- INPUT RECORDS:
== Segment start ==
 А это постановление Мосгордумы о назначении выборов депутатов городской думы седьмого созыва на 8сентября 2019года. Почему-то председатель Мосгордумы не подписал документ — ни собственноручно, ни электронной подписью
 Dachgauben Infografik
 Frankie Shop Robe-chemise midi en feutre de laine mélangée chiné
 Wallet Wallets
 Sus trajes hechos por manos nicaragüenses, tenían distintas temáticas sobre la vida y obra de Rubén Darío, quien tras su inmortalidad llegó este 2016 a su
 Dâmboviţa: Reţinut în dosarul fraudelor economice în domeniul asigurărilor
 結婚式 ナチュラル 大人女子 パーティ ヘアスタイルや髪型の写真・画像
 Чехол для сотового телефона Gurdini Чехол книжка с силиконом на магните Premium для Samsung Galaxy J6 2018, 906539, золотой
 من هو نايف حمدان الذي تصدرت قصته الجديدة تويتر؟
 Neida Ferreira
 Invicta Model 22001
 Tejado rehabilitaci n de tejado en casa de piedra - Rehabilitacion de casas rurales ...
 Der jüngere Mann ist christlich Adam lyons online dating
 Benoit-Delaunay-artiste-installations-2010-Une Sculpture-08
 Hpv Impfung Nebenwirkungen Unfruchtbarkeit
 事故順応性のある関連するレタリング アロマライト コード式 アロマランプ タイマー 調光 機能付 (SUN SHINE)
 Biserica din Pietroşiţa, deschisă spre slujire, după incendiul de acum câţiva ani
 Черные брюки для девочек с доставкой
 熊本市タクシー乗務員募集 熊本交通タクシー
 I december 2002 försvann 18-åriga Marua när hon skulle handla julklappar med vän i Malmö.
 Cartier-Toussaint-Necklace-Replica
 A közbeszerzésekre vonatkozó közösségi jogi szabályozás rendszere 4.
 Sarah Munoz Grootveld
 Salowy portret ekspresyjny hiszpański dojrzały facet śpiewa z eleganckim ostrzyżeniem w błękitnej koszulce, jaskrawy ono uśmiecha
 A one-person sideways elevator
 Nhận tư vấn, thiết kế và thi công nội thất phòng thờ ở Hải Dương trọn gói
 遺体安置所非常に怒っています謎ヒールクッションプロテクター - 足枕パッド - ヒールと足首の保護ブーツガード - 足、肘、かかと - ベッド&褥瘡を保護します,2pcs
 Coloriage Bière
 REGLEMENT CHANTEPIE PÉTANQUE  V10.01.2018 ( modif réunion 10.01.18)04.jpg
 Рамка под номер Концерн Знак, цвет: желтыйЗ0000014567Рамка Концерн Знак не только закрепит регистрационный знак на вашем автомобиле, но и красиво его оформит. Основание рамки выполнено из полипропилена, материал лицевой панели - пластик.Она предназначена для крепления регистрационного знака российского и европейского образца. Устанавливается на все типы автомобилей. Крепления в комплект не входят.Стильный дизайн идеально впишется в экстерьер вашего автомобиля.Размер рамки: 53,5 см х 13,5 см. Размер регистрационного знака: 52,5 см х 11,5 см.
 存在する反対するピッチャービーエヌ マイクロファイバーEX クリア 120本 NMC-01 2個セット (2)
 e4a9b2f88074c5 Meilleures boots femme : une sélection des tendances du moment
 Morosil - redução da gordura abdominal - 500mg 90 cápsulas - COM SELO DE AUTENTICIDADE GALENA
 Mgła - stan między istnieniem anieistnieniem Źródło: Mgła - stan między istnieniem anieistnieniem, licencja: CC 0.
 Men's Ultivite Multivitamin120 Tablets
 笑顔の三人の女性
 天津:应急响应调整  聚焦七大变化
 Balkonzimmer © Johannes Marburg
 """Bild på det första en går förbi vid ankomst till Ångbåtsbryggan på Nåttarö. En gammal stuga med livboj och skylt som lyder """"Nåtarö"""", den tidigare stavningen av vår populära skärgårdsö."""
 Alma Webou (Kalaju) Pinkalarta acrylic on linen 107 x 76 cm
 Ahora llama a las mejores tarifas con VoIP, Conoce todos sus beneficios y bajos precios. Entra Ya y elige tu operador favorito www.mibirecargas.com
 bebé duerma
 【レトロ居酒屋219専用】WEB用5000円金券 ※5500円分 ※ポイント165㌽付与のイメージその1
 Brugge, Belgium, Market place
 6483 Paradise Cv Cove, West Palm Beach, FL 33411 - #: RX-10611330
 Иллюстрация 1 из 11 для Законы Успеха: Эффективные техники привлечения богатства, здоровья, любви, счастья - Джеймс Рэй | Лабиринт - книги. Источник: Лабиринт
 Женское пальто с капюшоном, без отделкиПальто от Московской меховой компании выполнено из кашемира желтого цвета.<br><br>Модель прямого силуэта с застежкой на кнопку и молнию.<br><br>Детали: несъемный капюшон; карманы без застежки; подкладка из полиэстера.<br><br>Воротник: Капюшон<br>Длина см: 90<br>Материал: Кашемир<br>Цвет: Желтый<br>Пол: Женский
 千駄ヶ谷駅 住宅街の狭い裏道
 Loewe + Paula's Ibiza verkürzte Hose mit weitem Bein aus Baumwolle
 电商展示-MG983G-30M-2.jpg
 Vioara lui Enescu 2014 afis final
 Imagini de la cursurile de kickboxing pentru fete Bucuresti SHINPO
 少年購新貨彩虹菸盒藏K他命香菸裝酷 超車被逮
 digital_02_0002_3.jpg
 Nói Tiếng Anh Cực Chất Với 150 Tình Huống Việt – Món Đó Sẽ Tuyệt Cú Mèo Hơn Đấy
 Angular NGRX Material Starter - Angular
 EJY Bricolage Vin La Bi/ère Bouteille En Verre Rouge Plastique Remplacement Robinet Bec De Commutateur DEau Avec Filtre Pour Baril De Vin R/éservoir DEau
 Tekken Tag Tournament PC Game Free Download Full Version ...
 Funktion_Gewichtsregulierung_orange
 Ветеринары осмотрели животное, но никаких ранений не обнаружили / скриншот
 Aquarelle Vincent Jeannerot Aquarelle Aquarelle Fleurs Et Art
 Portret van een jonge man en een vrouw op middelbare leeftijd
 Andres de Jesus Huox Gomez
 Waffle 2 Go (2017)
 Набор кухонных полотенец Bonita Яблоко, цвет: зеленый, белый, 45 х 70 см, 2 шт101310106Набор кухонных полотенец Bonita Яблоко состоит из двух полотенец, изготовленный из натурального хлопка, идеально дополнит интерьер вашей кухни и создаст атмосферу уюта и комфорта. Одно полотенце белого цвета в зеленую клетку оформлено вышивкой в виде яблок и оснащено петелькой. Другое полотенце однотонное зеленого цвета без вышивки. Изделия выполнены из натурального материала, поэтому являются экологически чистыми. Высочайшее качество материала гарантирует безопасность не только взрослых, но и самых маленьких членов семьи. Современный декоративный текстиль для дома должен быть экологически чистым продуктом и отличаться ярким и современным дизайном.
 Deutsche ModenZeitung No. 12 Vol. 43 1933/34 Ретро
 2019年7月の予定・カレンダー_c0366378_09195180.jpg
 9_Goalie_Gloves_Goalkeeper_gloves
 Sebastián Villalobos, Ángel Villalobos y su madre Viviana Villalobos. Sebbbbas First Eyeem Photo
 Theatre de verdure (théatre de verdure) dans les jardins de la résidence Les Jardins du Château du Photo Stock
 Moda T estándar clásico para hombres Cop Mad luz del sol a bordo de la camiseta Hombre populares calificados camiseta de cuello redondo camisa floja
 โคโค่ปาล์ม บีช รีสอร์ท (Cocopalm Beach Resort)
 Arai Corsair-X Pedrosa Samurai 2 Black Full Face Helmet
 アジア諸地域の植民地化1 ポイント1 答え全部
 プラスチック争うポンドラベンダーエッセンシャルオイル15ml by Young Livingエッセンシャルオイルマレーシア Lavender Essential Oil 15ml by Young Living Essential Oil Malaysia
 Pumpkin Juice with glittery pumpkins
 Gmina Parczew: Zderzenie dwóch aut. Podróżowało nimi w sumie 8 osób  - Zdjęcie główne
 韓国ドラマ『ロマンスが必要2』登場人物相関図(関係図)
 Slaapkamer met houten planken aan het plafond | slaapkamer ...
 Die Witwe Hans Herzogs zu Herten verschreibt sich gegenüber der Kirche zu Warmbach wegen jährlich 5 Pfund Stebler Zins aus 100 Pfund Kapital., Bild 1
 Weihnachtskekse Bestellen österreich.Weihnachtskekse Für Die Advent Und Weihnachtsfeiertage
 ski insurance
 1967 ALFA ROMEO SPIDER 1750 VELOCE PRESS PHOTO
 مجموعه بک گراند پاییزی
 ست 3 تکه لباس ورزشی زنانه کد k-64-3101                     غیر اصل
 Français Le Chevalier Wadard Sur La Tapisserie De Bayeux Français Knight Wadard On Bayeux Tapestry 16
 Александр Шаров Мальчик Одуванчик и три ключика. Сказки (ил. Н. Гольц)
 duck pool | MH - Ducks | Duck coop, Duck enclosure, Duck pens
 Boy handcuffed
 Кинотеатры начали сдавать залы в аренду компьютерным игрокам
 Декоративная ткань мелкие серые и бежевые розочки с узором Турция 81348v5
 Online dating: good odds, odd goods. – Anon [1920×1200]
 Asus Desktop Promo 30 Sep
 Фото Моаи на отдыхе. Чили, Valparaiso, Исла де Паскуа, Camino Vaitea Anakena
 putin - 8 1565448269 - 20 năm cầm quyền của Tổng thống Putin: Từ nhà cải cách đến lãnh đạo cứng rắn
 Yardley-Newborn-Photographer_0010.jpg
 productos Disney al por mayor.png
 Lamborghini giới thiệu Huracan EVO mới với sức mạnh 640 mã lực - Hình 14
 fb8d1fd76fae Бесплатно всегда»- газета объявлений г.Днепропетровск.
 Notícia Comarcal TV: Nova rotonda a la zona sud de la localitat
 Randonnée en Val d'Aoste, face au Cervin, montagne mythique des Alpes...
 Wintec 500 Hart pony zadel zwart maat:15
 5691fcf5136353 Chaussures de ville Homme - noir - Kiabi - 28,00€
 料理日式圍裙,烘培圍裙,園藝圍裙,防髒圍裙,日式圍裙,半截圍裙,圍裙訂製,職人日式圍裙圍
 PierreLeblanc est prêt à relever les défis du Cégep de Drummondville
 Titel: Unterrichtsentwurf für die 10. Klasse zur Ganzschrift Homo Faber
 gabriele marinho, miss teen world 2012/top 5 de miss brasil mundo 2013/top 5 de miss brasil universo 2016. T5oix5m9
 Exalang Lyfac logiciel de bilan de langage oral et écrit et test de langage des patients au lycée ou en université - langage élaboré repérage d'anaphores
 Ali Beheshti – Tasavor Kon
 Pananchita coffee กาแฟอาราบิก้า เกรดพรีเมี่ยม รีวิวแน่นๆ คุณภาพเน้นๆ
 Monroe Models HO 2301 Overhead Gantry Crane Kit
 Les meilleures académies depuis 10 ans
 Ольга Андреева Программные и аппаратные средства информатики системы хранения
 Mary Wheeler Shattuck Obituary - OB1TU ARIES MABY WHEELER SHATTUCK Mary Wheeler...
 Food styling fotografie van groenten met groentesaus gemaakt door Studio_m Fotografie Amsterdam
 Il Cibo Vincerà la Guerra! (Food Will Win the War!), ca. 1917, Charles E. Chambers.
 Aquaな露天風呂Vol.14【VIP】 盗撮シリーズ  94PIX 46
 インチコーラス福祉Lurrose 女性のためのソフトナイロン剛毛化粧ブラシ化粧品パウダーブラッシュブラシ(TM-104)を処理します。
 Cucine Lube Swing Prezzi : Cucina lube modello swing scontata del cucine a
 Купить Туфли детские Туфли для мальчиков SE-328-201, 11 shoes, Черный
== Segment end ==
- EXERCISE GOAL: Scan the records above for the string "dating", then report every line that contains it.

- OUTPUT:
 Der jüngere Mann ist christlich Adam lyons online dating
 Online dating: good odds, odd goods. – Anon [1920×1200]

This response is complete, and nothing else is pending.